- INFORMATION SUPPLIED -
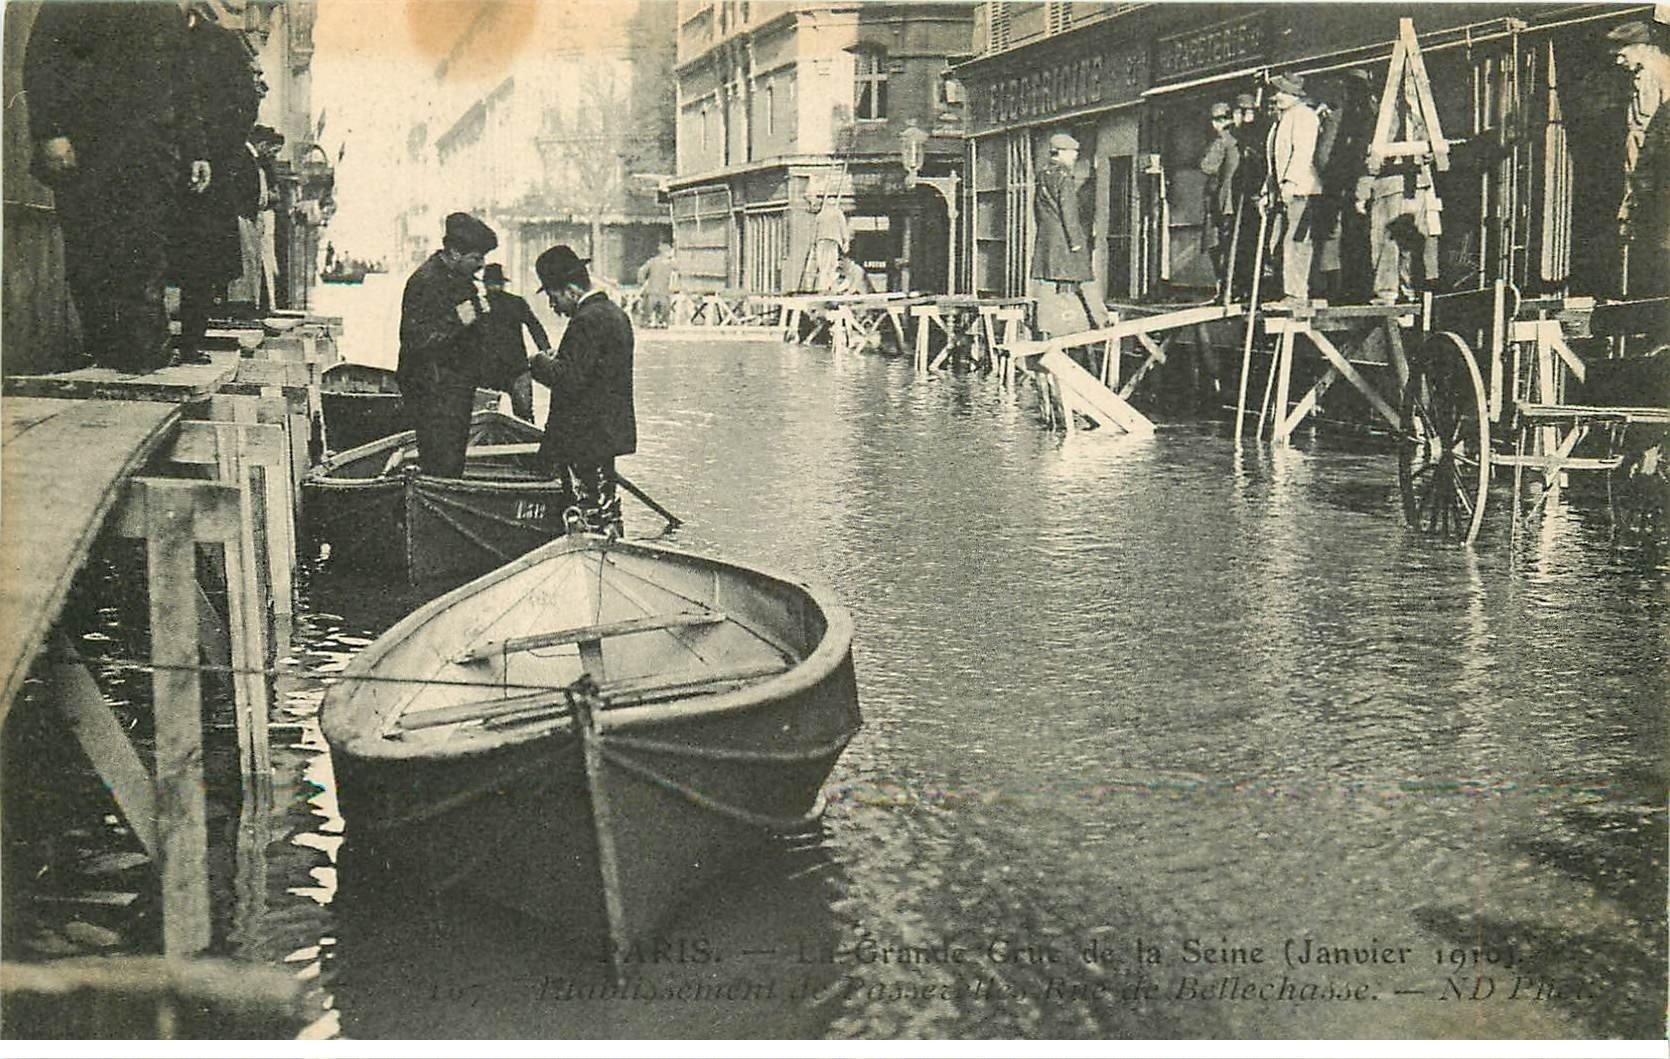 carte postale ancienne INONDATION ET CRUE DE PARIS 1910. Rue Bellechasse passerelles sur chevalets et barques
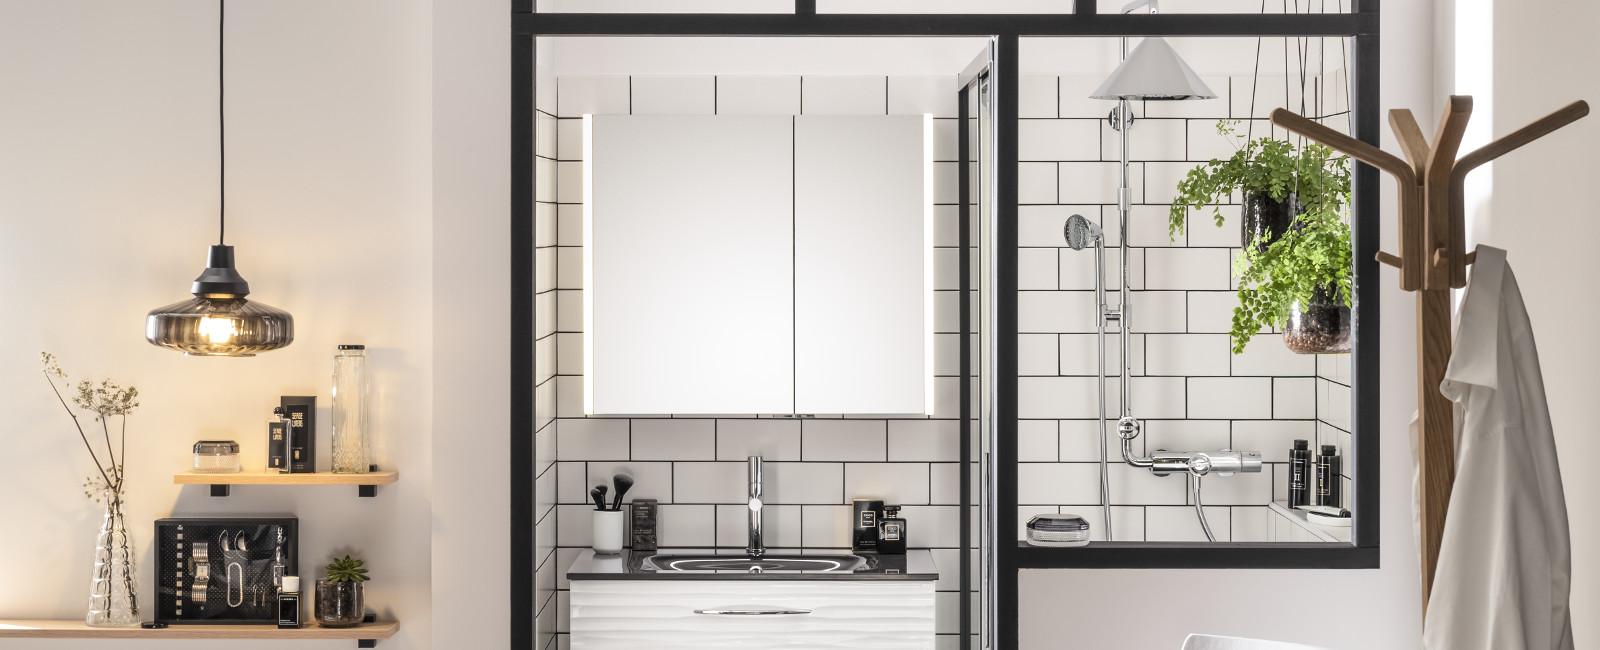 Les tendances carrelages pour la salle de bains | DELPHA
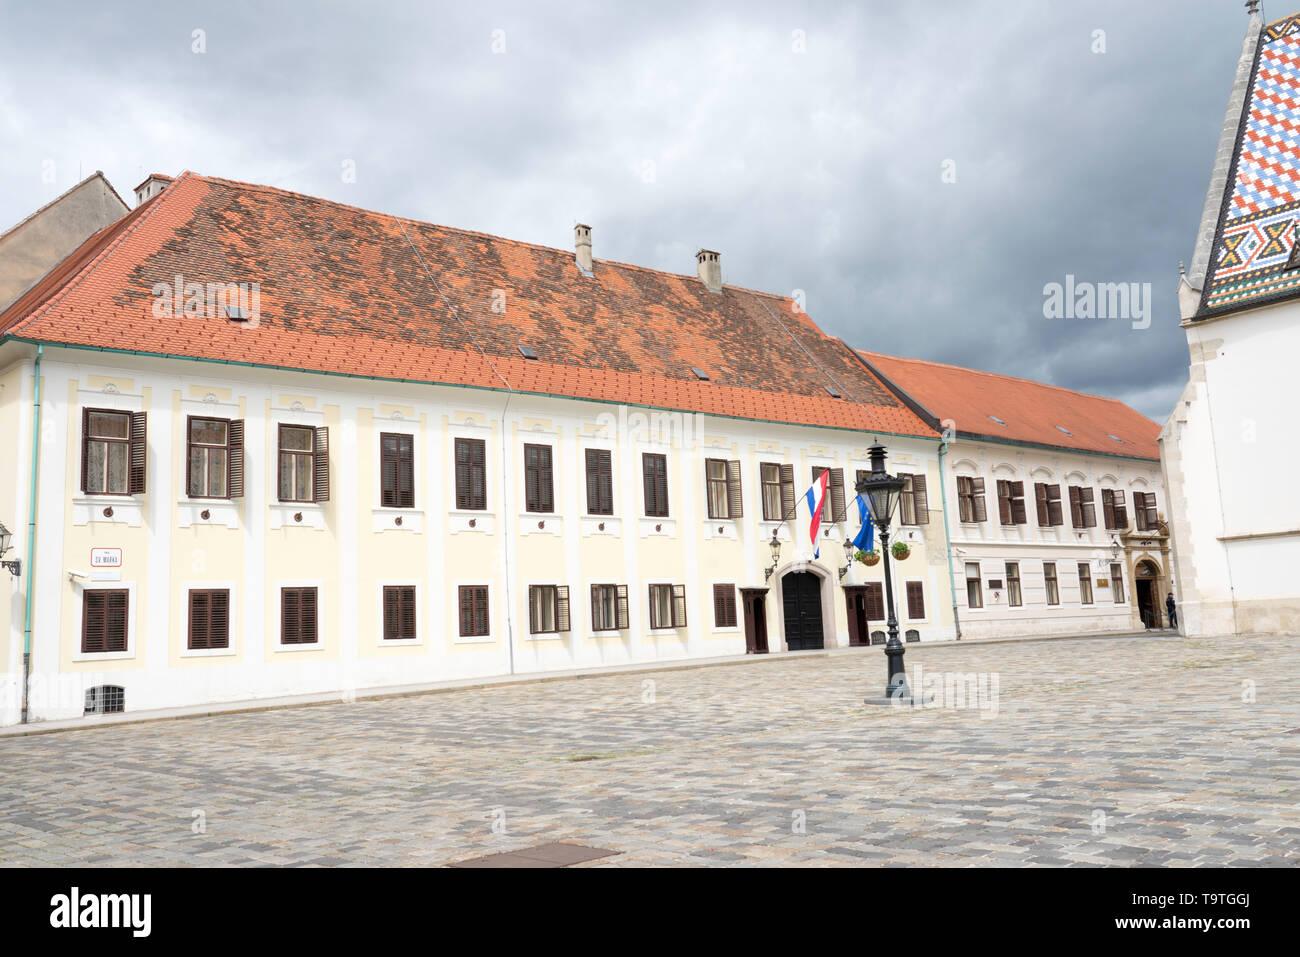 Zagreb, Croacia - Banski dvori sede del Gobierno croata en la Plaza de San Marcos. Imagen De Stock

- YOUR INSTRUCTIONS -
Repeat only the lines from the one with "Les tendances carrelages" through the end of the data, both included and exactly as written. Pictures stay out of the copy.

- EXERCISE ANSWER -
 Les tendances carrelages pour la salle de bains | DELPHA
 Zagreb, Croacia - Banski dvori sede del Gobierno croata en la Plaza de San Marcos. Imagen De Stock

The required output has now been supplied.